Fortinet black logo

Handbook

SSL decryption by forward proxy

SSL decryption by forward proxy

You can use SSL decryption by forward proxy in cases where you cannot copy the server certificate and its private key to the FortiADC unit because it is either impractical or impossible (in the case of outbound traffic to unknown Internet servers).

When SSL forward proxy is enabled, FortiADC becomes a proxy to both sides of the connection. The server certificate and its private key used to negotiate the SSL connection with the client are dynamically derived from the certificate presented by the real server and optionally chained with an Intermediate CA trusted by the client.

Basic steps:
  1. Import a special Intermediate CA and its private key to the local certificate store that you have provisioned for SSL forward proxy operations.
  2. Configure an Intermediate CA group. (Optional)
  3. Configure a certificate caching object (or use the pre-defined one).
  4. Configure a client SSL profile that enables SSL proxy, references the local certificate, and specifies the allowed SSL/TLS versions and list of SSL ciphers that can be used for the SSL connection between the client and the FortiADC unit. Select this profile when you configure the virtual server.
  5. Configure all settings required for backend SSL.

Layer-7 deployments

Layer 7 SSL decryption by forward proxy illustrates a Layer 7 SSL forward proxy deployment similar to the SSL offloading example—inbound traffic to your server farm. When the FortiADC virtual server receives the ClientHello message, it selects a real server and sends its own ClientHello to the server to set up its own SSL session with it (represented by the dashed line in the figure). FortiADC uses the certificate presented by the server to derive the certificate to present to the client. This derived certificate is signed by an Intermediate CA that is trusted by the client, so the client completes its handshake with the FortiADC, and FortiADC can decrypt the traffic.

Layer 7 SSL decryption by forward proxy

Layer 7 SSL decryption methods summarizes the pros and cons of Layer 7 SSL decryption methods.

Layer 7 SSL decryption methods

Method Pros Cons
SSL offloading

Better performance.

No feature limitations.

In most cases, you do not need to maintain SSL functionality (certificates and keys, SSL ports) on the real servers.

You must be able to copy the local certificates and private keys from the real servers.
SSL forward proxy You do not need to copy the local certificates and keys from the real servers. Instead, you add only one Intermediate CA and private key to be used for all the HTTPS servers.

Performance cost associate with SSL proxy operations and certificate re-signing.

You need to maintain SSL functionality on the real servers.

Incompatible with some features because the server must be selected before the client request is decrypted: Incompatible features include:

  • Some load balancing methods (only Round Robin and Least Connection are supported)
  • Some persistence methods (only Source Address, Source Address Hash, Source Address-Port Hash, and SSL Session ID are supported)
  • Client SNI Required option
  • Content routing

Layer 2 deployments

You can use FortiADC in a Layer 2 sandwich toplogy to offload SSL decryption tasks from FortiGate.

Layer 2 SSL decryption by forward proxy shows the topology.
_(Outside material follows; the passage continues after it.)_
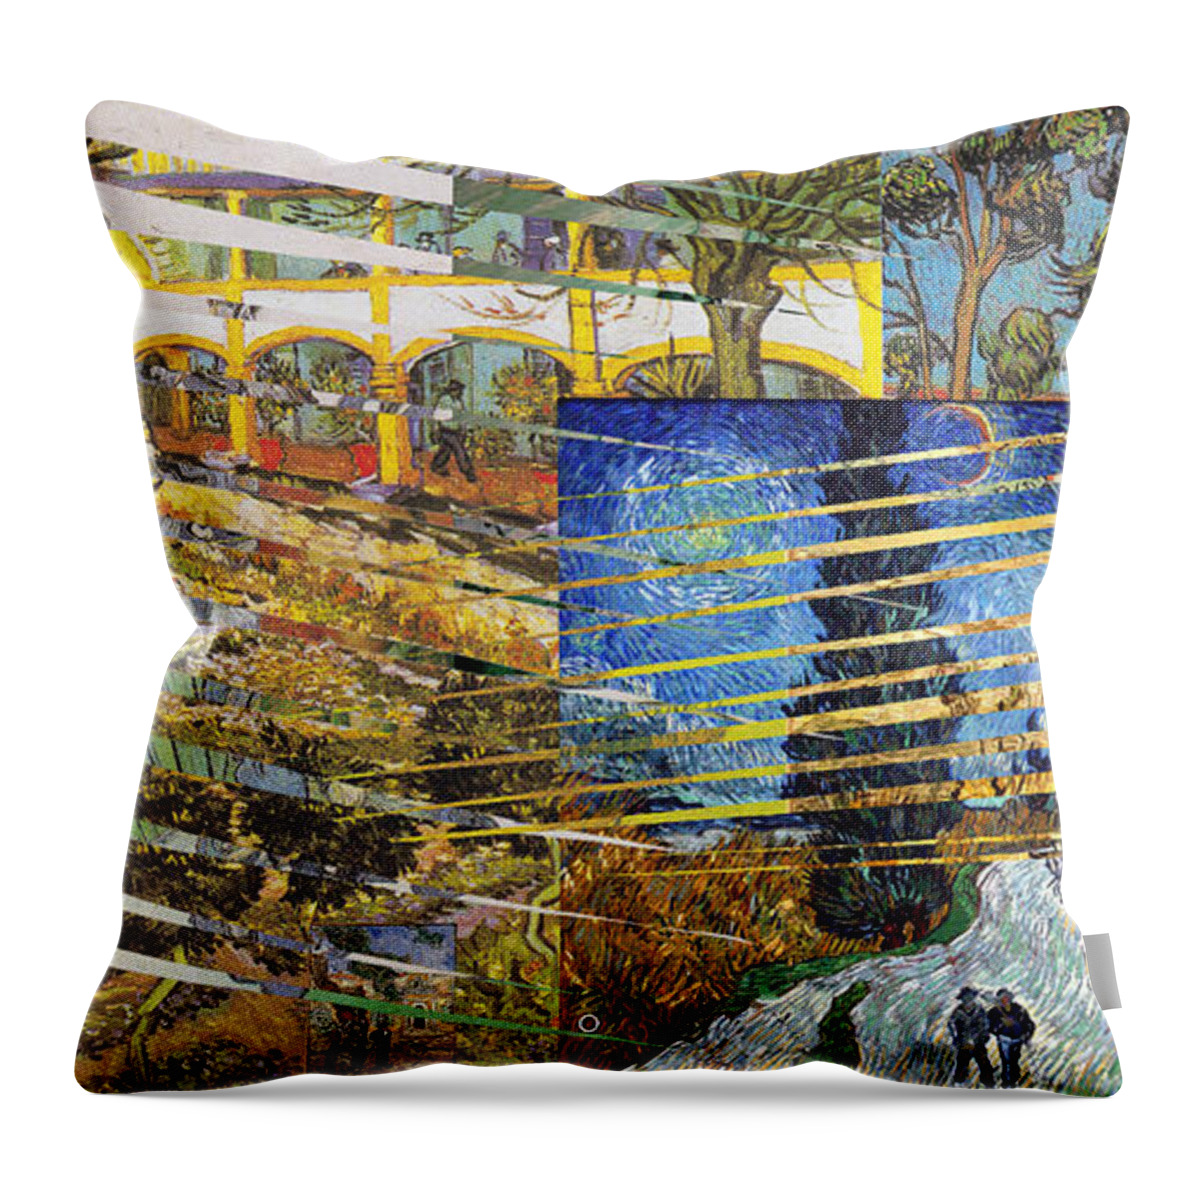 Abstract In The Living Room Throw Pillow featuring the digital art Van Gogh Mural Il by David Bridburg

To decrypt traffic to and from external HTTPS destinations, you must use SSL forward proxy.

When the FortiADC virtual server receives the ClientHello message, it sends its own ClientHello to the destination server in order to fetch the server certificate so that it can be manipulated. The FortiGate and second FortiADC in the network path must be configured to pass-through this HTTPS traffic. FortiADC uses the server certificate to derive a certificate to present to the client. This derived certificate is signed by an Intermediate CA that is trusted by the client, so the client completes its handshake with the first FortiADC, and FortiADC decrypts the traffic.

In a sandwich deployment like this one, you do not want to re-encrypt the traffic until it egresses the second FortiADC. You control server-side SSL with the real server SSL profile configuration, discussed next.

Layer 2 SSL decryption by forward proxy

SSL decryption by forward proxy

SSL decryption by forward proxy

You can use SSL decryption by forward proxy in cases where you cannot copy the server certificate and its private key to the FortiADC unit because it is either impractical or impossible (in the case of outbound traffic to unknown Internet servers).

When SSL forward proxy is enabled, FortiADC becomes a proxy to both sides of the connection. The server certificate and its private key used to negotiate the SSL connection with the client are dynamically derived from the certificate presented by the real server and optionally chained with an Intermediate CA trusted by the client.

Basic steps:
  1. Import a special Intermediate CA and its private key to the local certificate store that you have provisioned for SSL forward proxy operations.
  2. Configure an Intermediate CA group. (Optional)
  3. Configure a certificate caching object (or use the pre-defined one).
  4. Configure a client SSL profile that enables SSL proxy, references the local certificate, and specifies the allowed SSL/TLS versions and list of SSL ciphers that can be used for the SSL connection between the client and the FortiADC unit. Select this profile when you configure the virtual server.
  5. Configure all settings required for backend SSL.

Layer-7 deployments

Layer 7 SSL decryption by forward proxy illustrates a Layer 7 SSL forward proxy deployment similar to the SSL offloading example—inbound traffic to your server farm. When the FortiADC virtual server receives the ClientHello message, it selects a real server and sends its own ClientHello to the server to set up its own SSL session with it (represented by the dashed line in the figure). FortiADC uses the certificate presented by the server to derive the certificate to present to the client. This derived certificate is signed by an Intermediate CA that is trusted by the client, so the client completes its handshake with the FortiADC, and FortiADC can decrypt the traffic.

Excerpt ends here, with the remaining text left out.